Before you can cut out sugar, you need to figure out where it's coming from. This list of common foods high in sugar can help. Consuming these regularly can directly increase your sugar intake, but cutting them out can lower it. Identify which items you consume daily (or more), and aim to cut two per week—otherwise continue eating as you would normally.
These super-sweet items barely even try to hide their sugar content.
Regular soda: 11 tsp. (44 g) sugars per 12-oz. serving
Sports drink: 5 tsp. (20 g) sugars per 12-oz. serving
Fruit juice: 5 tsp. (20 g) sugars per 8-oz. serving
Coffee drink: 7 tsp. (28 g) sugars per 12-oz. serving
Candy: 7 tsp. (28 g) sugars per regular-size candy bar
Flavored milk: 6 tsp. (24 g) sugars per 1-cup serving
Cake, pie, cookie, and baked goods: 10 tsp. (40 g) sugars per serving
Flavored yogurt: 5 tsp. (20 g) sugars per 6-oz. serving
Fruit-and-dairy smoothie: 6 tsp. (24 g) sugars per 1-cup serving
Sugary breakfast cereal: 3 tsp. (12 g) sugars per 1-cup serving
Now that you've given up two sugary foods, how do you feel? Think you can do it again? Go another week without consuming that coffee drink and cookie. If you identified any other sugar bombs in your diet, give up another two this week. Eliminate two per week until you're not consuming any. Pretty soon it'll be habit.

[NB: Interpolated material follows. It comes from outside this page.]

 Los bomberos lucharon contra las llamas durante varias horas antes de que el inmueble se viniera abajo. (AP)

These treats are where sugar has been sneaky. While not as obvious (and not quite as high in sugars) as the the Sugar Bombs, these foods still make a difference. Choose three that you eat most often, and eliminate them for a week. Each week, choose three more until you've eliminated all of them.

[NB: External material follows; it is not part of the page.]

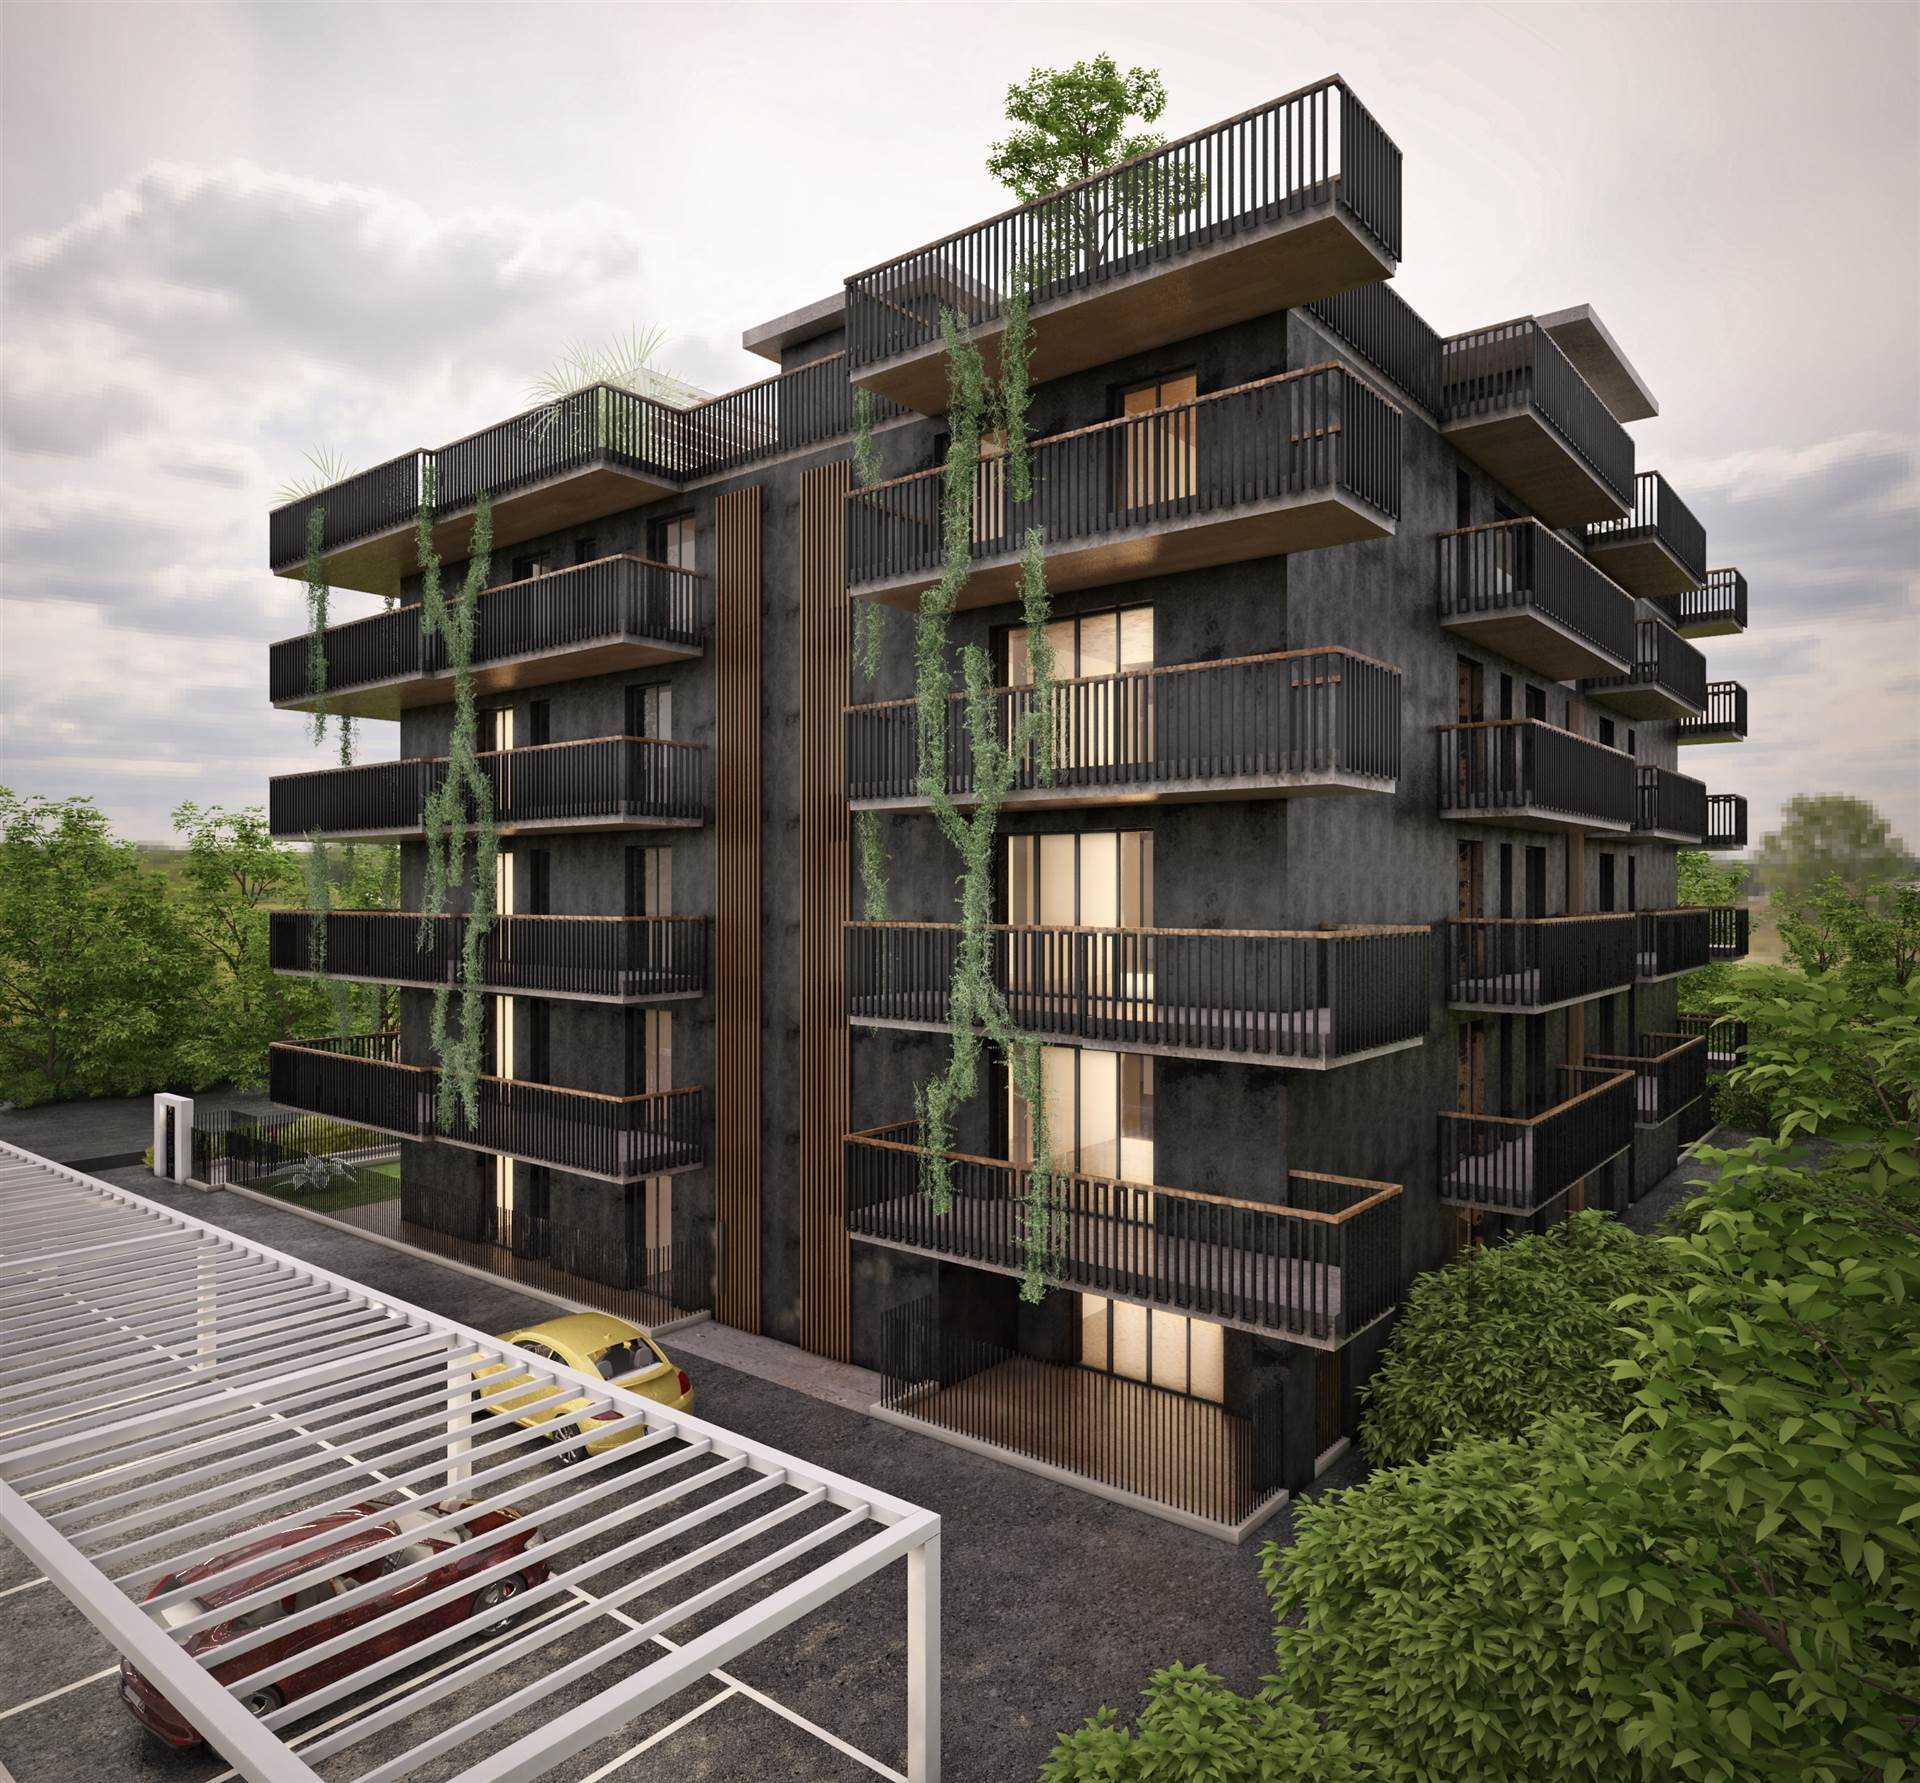 Nuova costruzione in vendita a Salerno, in Via Delle Calabrie 19. L'immobile di 107 mq si trova al primo piano ed è caratterizzato dalla classe

Even ketchup and canned soup are hiding added sugars. Check this list carefully to see what you're consuming.
Trail mix: 3 tsp. (12 g) sugars per 1-oz. serving
Canned soup: 1.5 tsp. (6 g) sugars per 1-cup serving
Breakfast cereal: 2.5 tsp. (10 g) sugars per 1-cup serving
Salad dressing: 2 tsp. (8 g) sugars per 1-Tbsp. serving
Ketchup: 2 tsp. (8 g) sugars per 2-Tbsp. serving
Barbecue sauce: 4 tsp. (16 g) sugars per 2-Tbsp. serving
Tomato/pasta sauce: 2 tsp. (8 g) sugars per .5-cup serving
Granola bar: 3 tsp. (12 g) sugars per bar
Bread: 1 tsp. (4 g) sugars per 2 slices
Pickles: 1 tsp. (4 g) sugars per serving
Instant flavored oatmeal: 3 tsp. (12 g) sugars per packet
Remember, we're going for a lifestyle change here, not a short-lived diet. It might seem tough to give up sugary items you consume every day, but pretty soon your taste buds will adjust. Eventually, you might begin to think that sugary breakfast cereal is far too sweet. But if you have dessert every now and then, or a coffee drink on a rough morning, it's certainly not the end of the world.